Incidently you can also write the last part as m1 = m2.copyMatrix(), but this
only works on arrays (as discussed recently on one of these NGs.)

Nick


August 05, 2004
In article <cetnkl$1r0r$1@digitaldaemon.com>, Nick says...
>
>In article <cetin9$1oo1$1@digitaldaemon.com>, Dave says...
>
>I'm not quite sure I understand the problem. Are you trying to copy a double array with a dup? In a double array such as int[][] mm, each element mm[] is a pointer to an array int[]. Writing mm.dup gives you a copy of the table of row pointer, but the pointers still point to the same actual data. If you want to copy the entire matrix you would write something like
>

Yes, I was trying to copy the whole matrix with a dup. on m1.
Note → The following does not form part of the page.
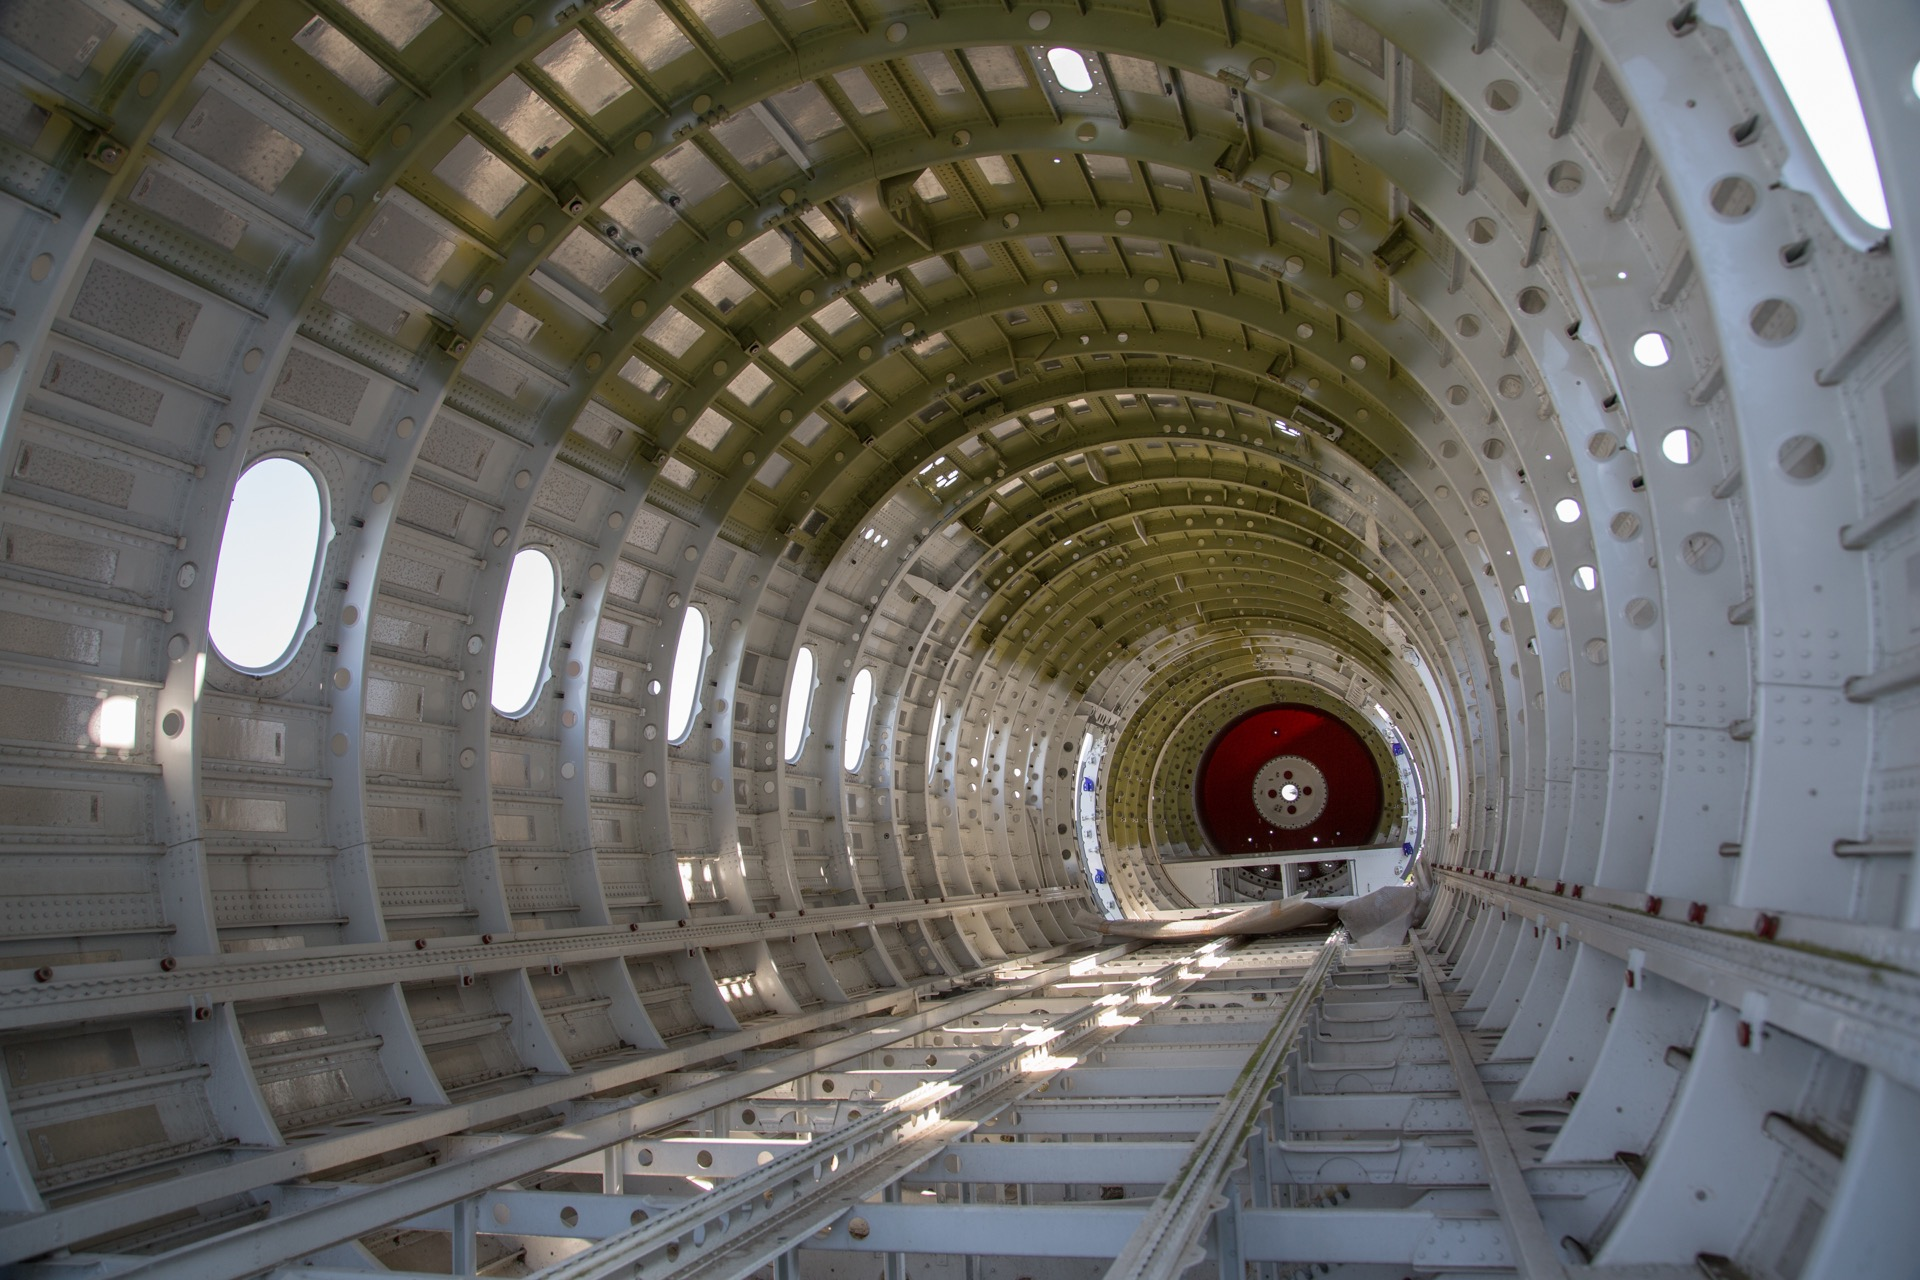 Aluminum aircraft fuselage

I guess what you say makes sense (if you are used to the C/C++ 'way' at least), but I gotta say is not explained well in the docs., the compiler didn't complain at all, and the thing didn't crash at runtime.

Besides that, I tried this:

int[][] m1 = mkmatrix(SIZE, SIZE); // mkmatrix allocates/init's each element
printf("%d, %d, %d\n",m1.length,m1[0].length, m1[m1.length - 1].length);
printf("%d %d %d %d\n",m1[0][0],m1[2][3],m1[3][2],m1[4][4]);

int[][] mx = m1.dup;
printf("%d, %d, %d\n",mx.length,mx[0].length, mx[mx.length - 1].length);
printf("%d %d %d %d\n",mx[0][0],mx[2][3],mx[3][2],mx[4][4]);

The results were the same for both:

30, 30, 30
1 64 93 125
30, 30, 30
1 64 93 125

The way I look at it and how the compiler apparently looks at it is that m1 and mx are both type int[][], so therefore a 'dup' that is applied directly to m1 should therefore allocate for and copy the entire thing.

Either way, there is a bug somewhere in the compiler - either it is copying the whole matrix as it is supposed to and the buglet is further along in the code or it is copying the entire matrix and is _not_ supposed to do that. If it is not supposed to allocate and copy everything, then at least a warning should be issued because the m1.dup code is pretty intuitive (and nice! if that is how it is supposed to work).

I think the dup part is working the way it should but the buglet is further along in the code, like in the mmult(...) part.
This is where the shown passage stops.